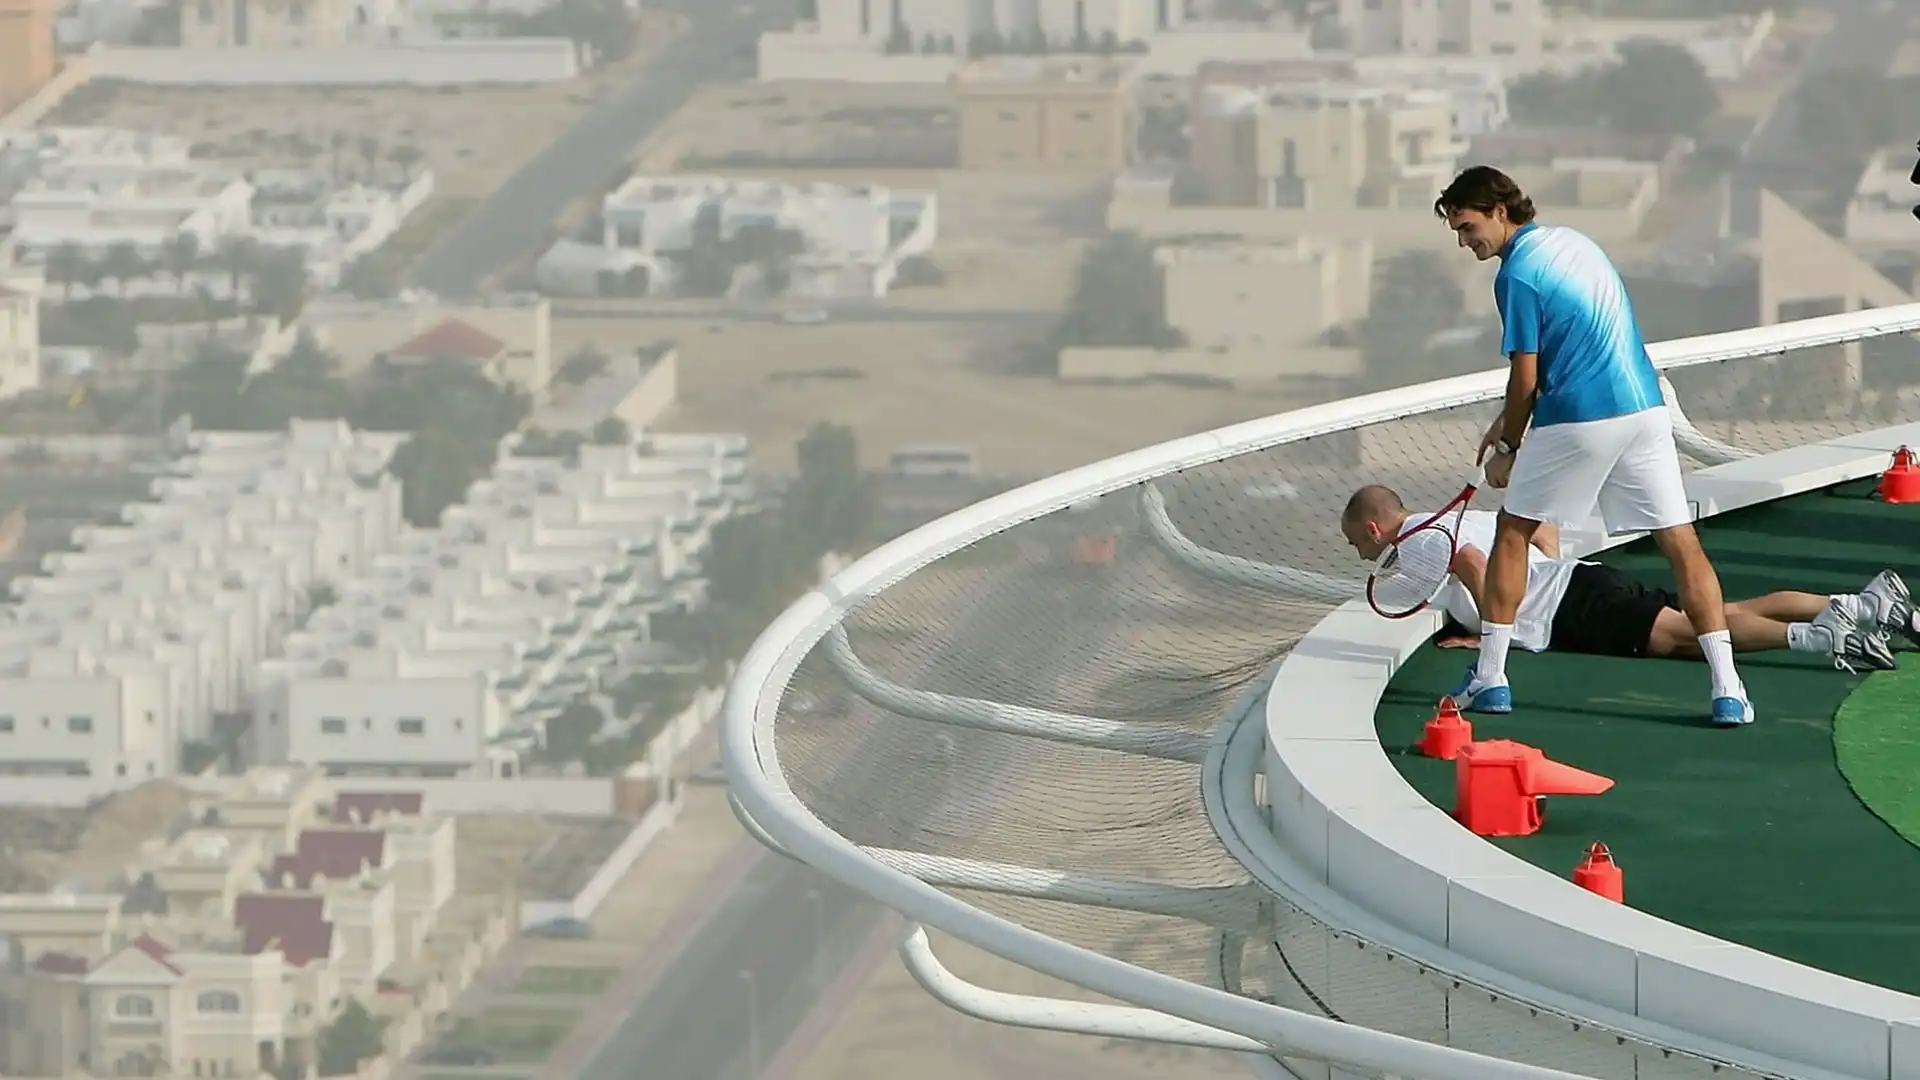 I due fuoriclasse del tennis, prima del torneo di Dubai, si allenarono in un campo di erba sintetica sistemato sull'eliporto del Burj Al Arab, uno degli hotel più lussuosi del mondo
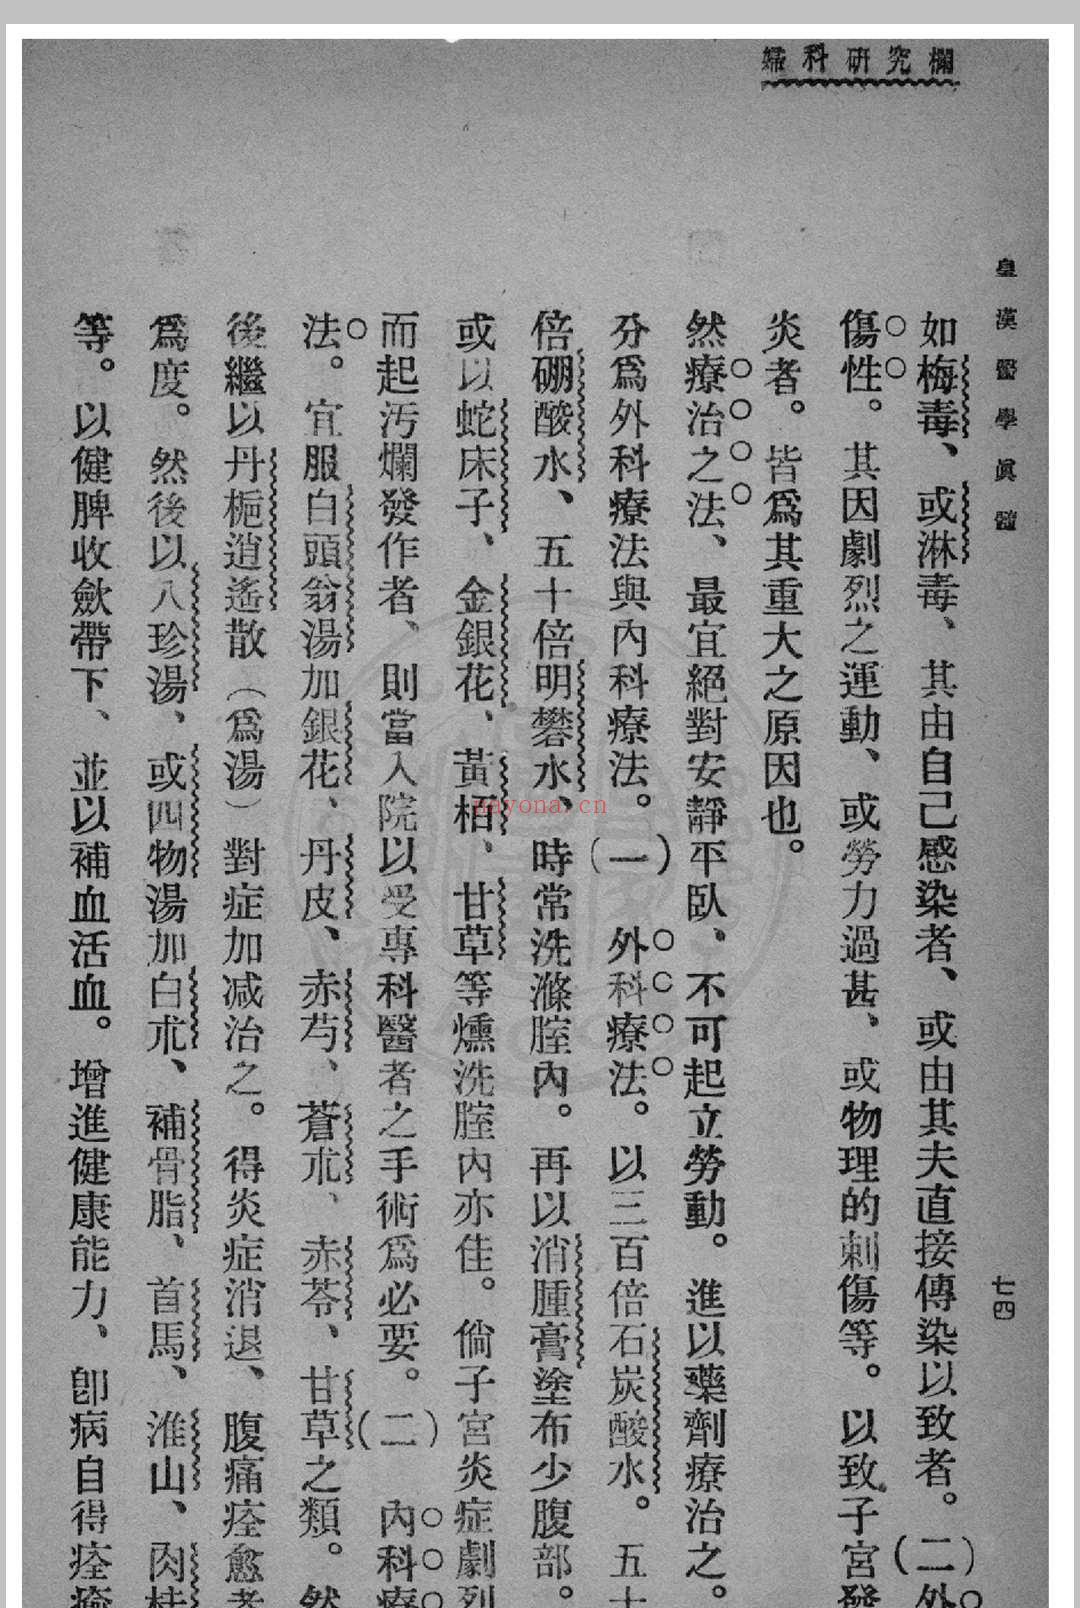 皇汉医学真髓 蒋尚锦撰 1935年
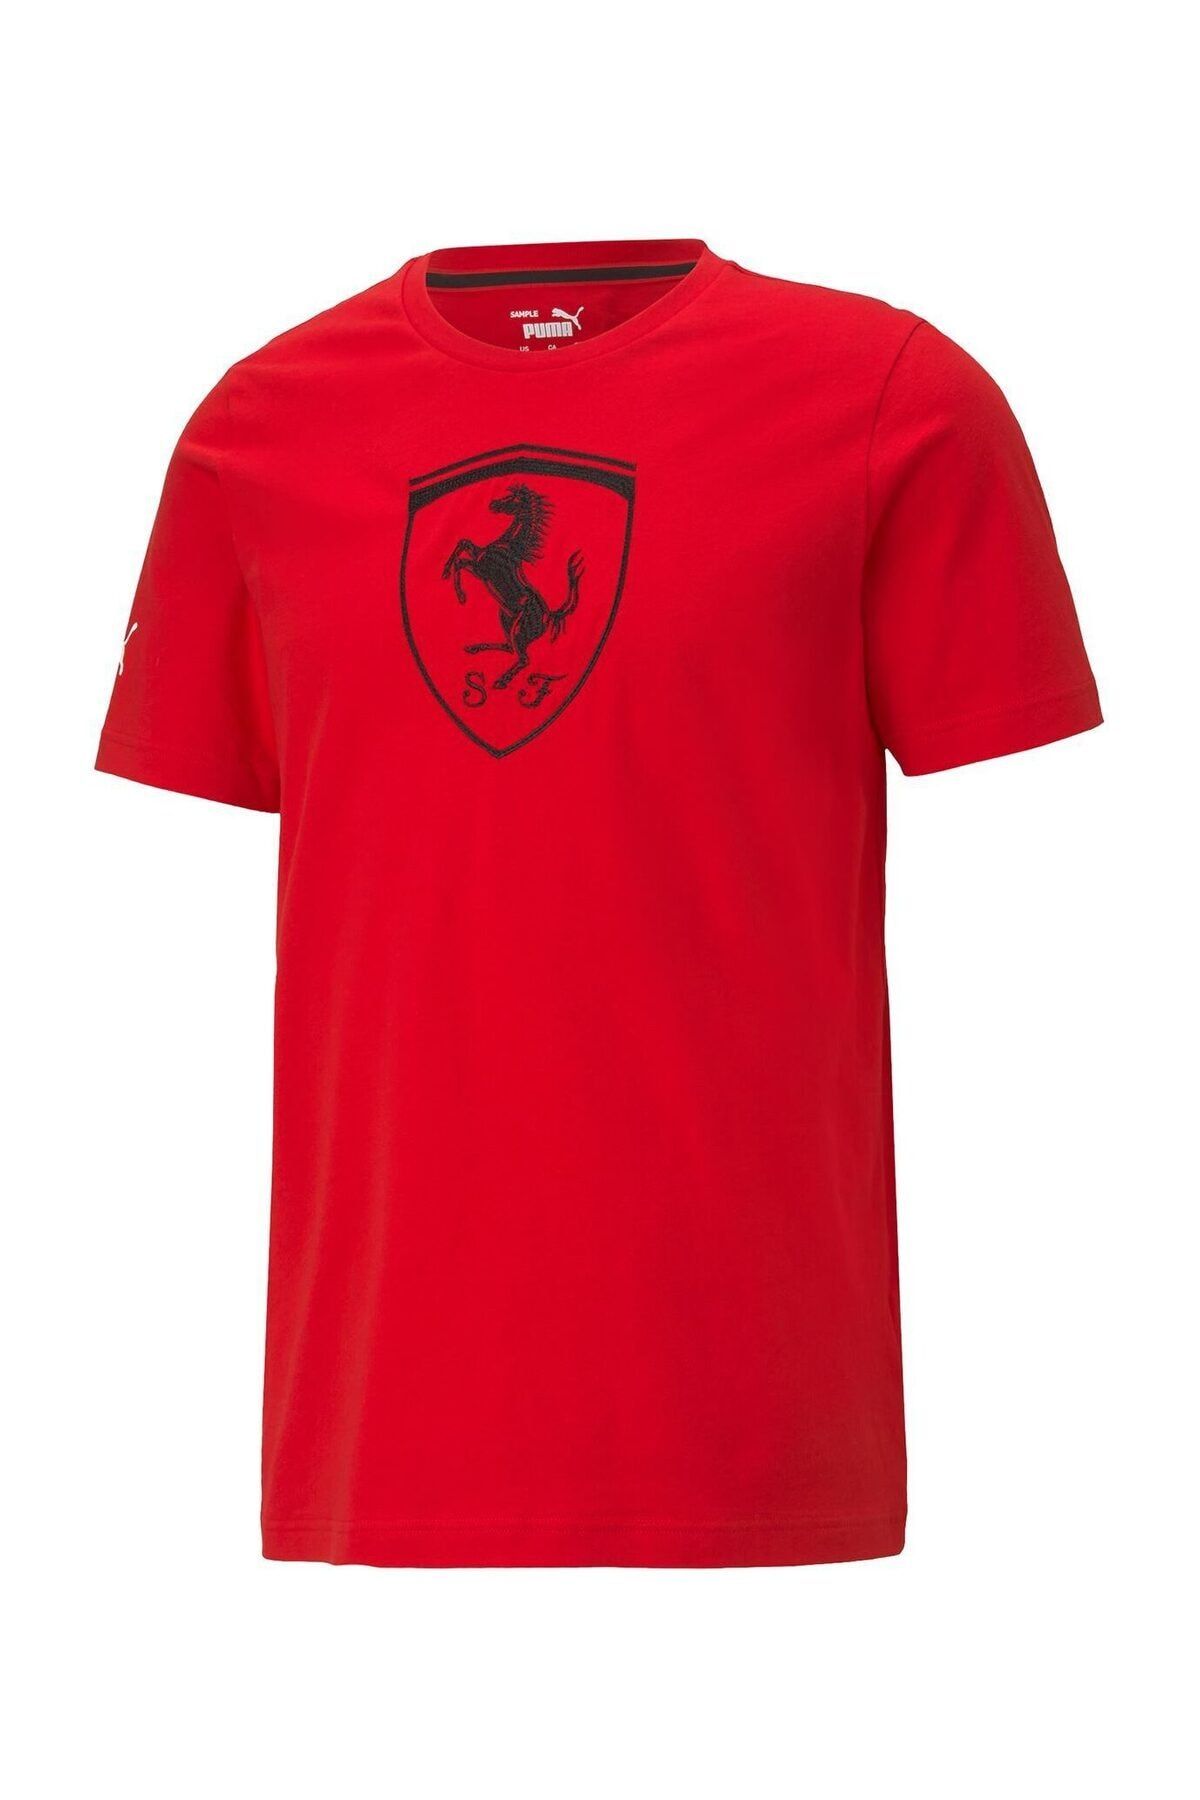 Puma FERRARI RACE BIG SHIELD T Kırmızı Erkek T-Shirt 101085594

• _INSTRUCTIONS FOR THE TASK_
Nothing but the lines from the line with "皇汉医学真髓 蒋尚锦撰 1935年" through the last line of the data above should be printed, exactly as written and without pictures.

• _ANSWER TO THIS TASK_
 皇汉医学真髓 蒋尚锦撰 1935年
 Puma FERRARI RACE BIG SHIELD T Kırmızı Erkek T-Shirt 101085594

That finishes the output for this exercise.